Onsen: Japanese Hot Spring Spas
While earthquakes are an annoying, everyday fact of life in Japan, they also provide one of the country's greatest delights: thermal baths. Wherever there are volcanic mountains—and there are a lot—you're sure to find springs of hot water, called onsen, which are rich in all sorts of restorative minerals. Any place where lots of spas have tapped these sources is an onsen chiiki (hot-springs resort area). The Izu Peninsula is particularly rich in onsen. It has, in fact, one-fifth of the 2,300-odd officially recognized hot springs in Japan.
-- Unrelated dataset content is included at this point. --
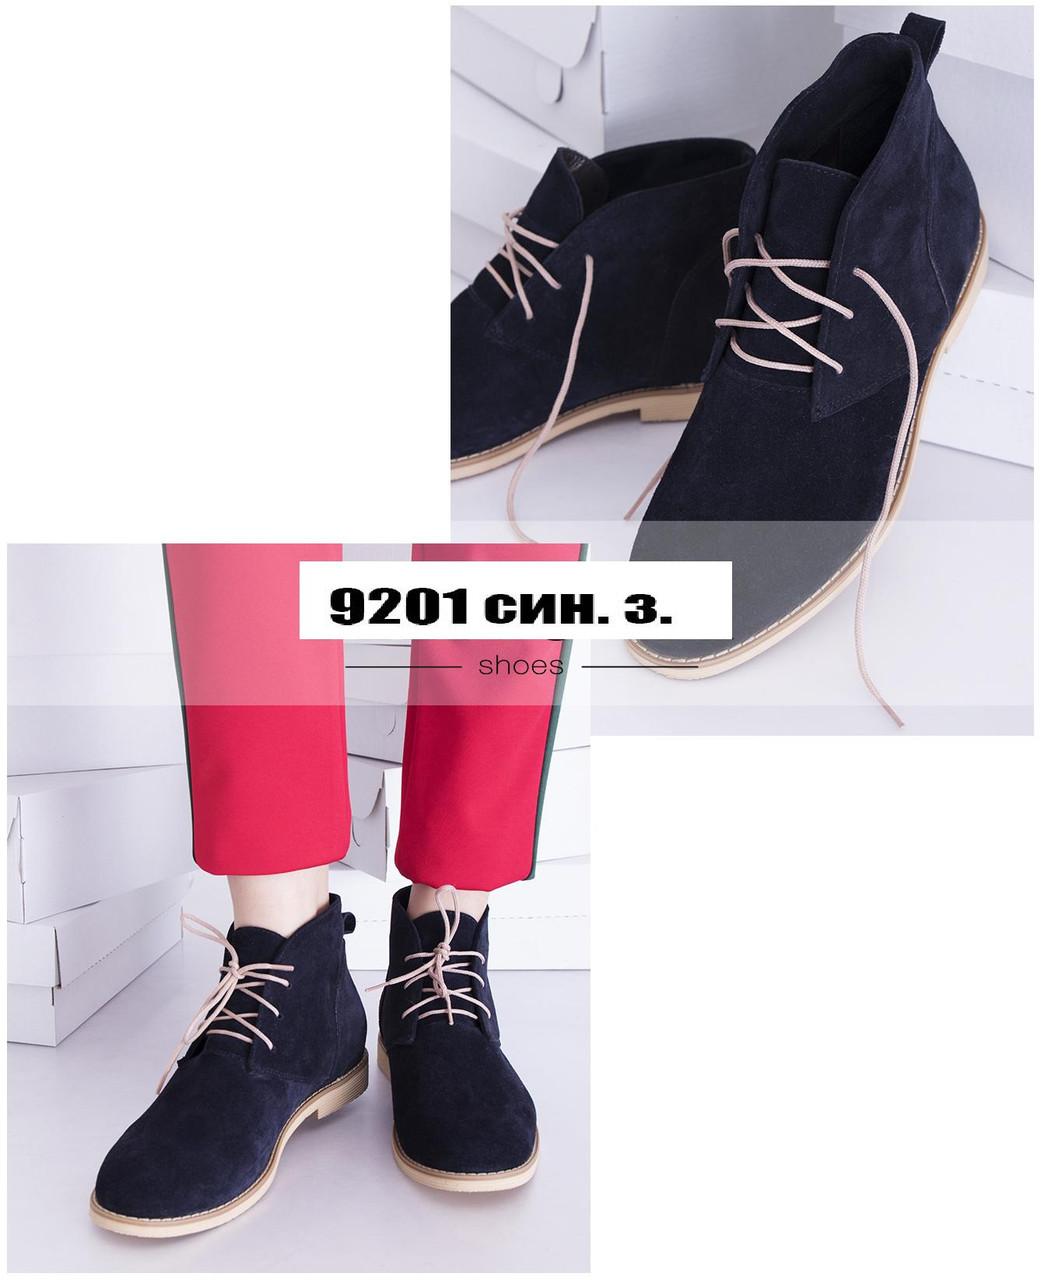 Ботинки женские  юр9201

Spas take many forms, but the ne plus ultra is that small secluded Japanese mountain inn with a rotemburo (an open-air mineral-spring pool). For guests only, these pools are usually in a screened-off nook with a panoramic view. A room in one of these inns on a weekend or in high season should be booked months in advance. (High season is late December to early January, late April to early May, the second and third weeks of August, and the second and third weeks of October.) More typical is the large resort hotel, geared mainly to groups, with one or more large indoor mineral baths of its own. Where whole towns and villages have developed to exploit a local supply of hot water, there will be several of these large hotels, an assortment of smaller inns, and probably a few modest public bathhouses, with no accommodations, where you just pay an entrance fee for a soak of whatever length you wish.